- [Goal of the exercise] Without including the pictures, copy each line below exactly as it reads.

- [Supplied material]
---+---
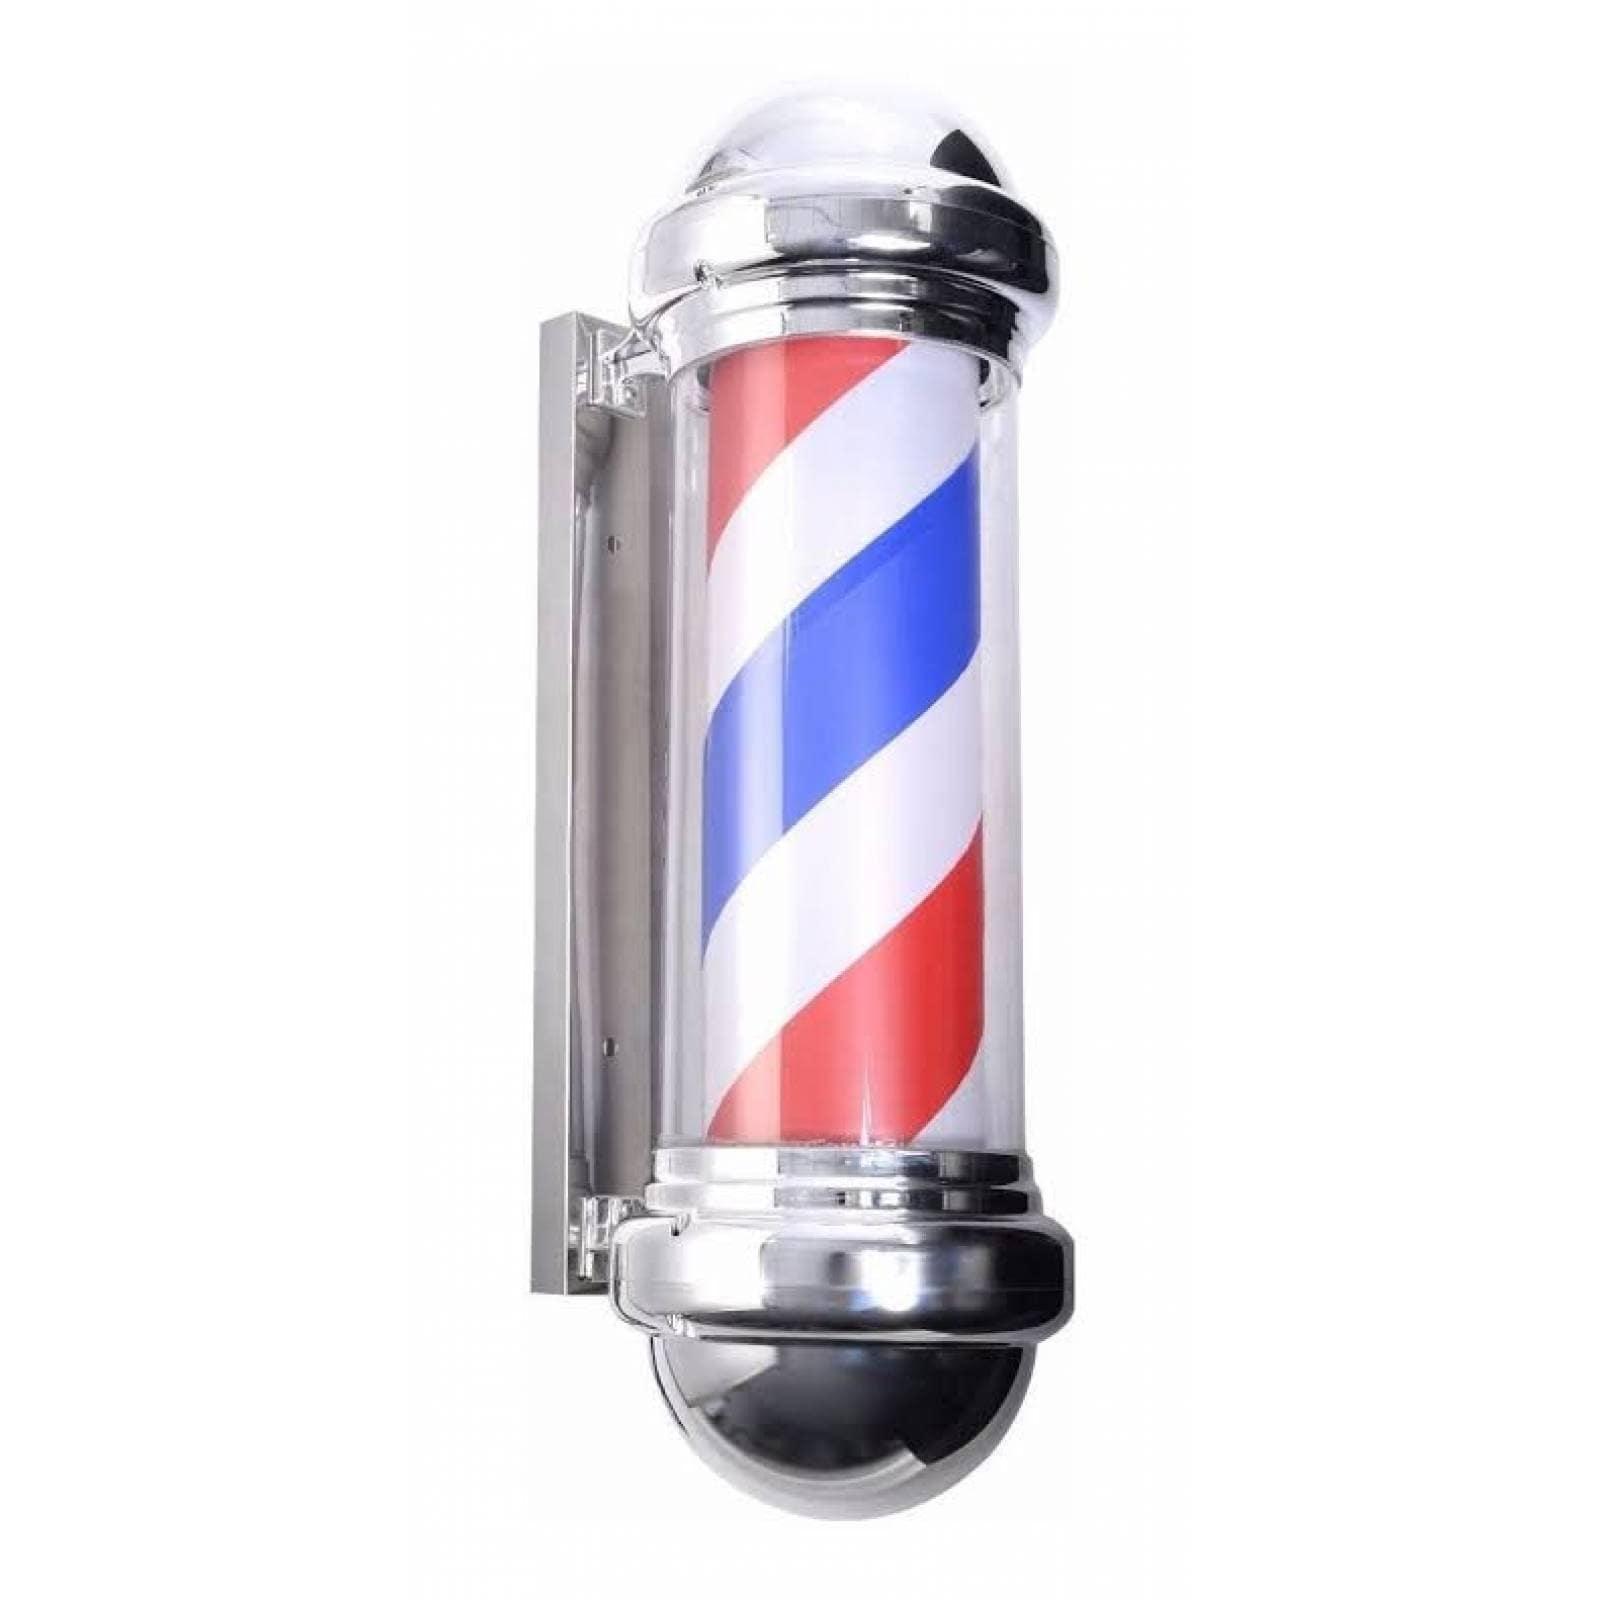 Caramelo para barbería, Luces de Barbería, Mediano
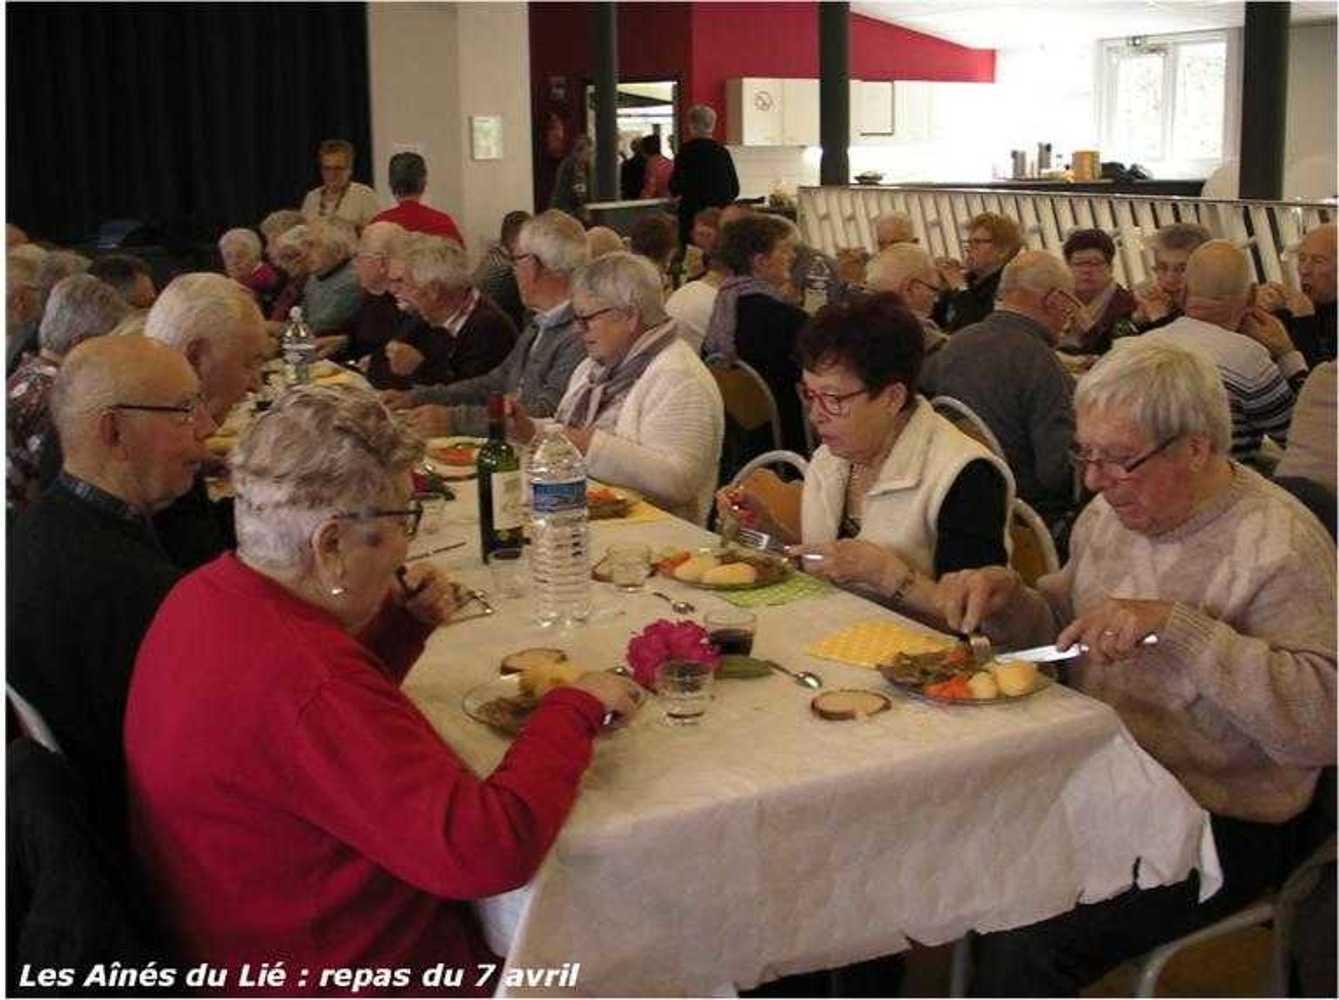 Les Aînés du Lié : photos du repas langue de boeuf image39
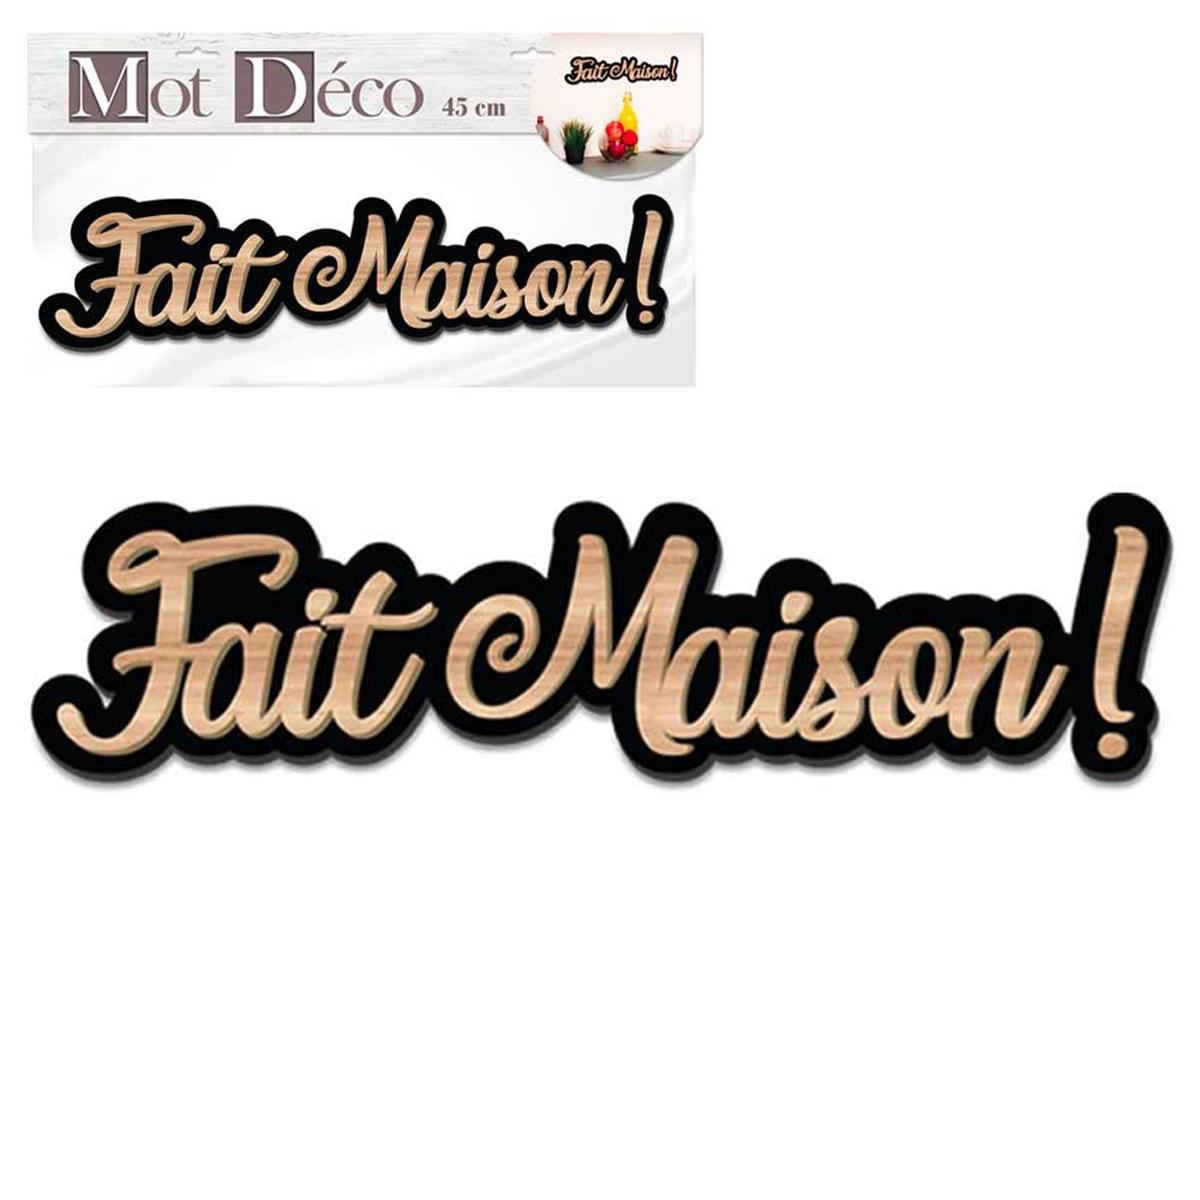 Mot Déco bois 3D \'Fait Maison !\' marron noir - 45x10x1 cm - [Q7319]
---+---
- [Expected answer]
 Caramelo para barbería, Luces de Barbería, Mediano
 Les Aînés du Lié : photos du repas langue de boeuf image39
 Mot Déco bois 3D \'Fait Maison !\' marron noir - 45x10x1 cm - [Q7319]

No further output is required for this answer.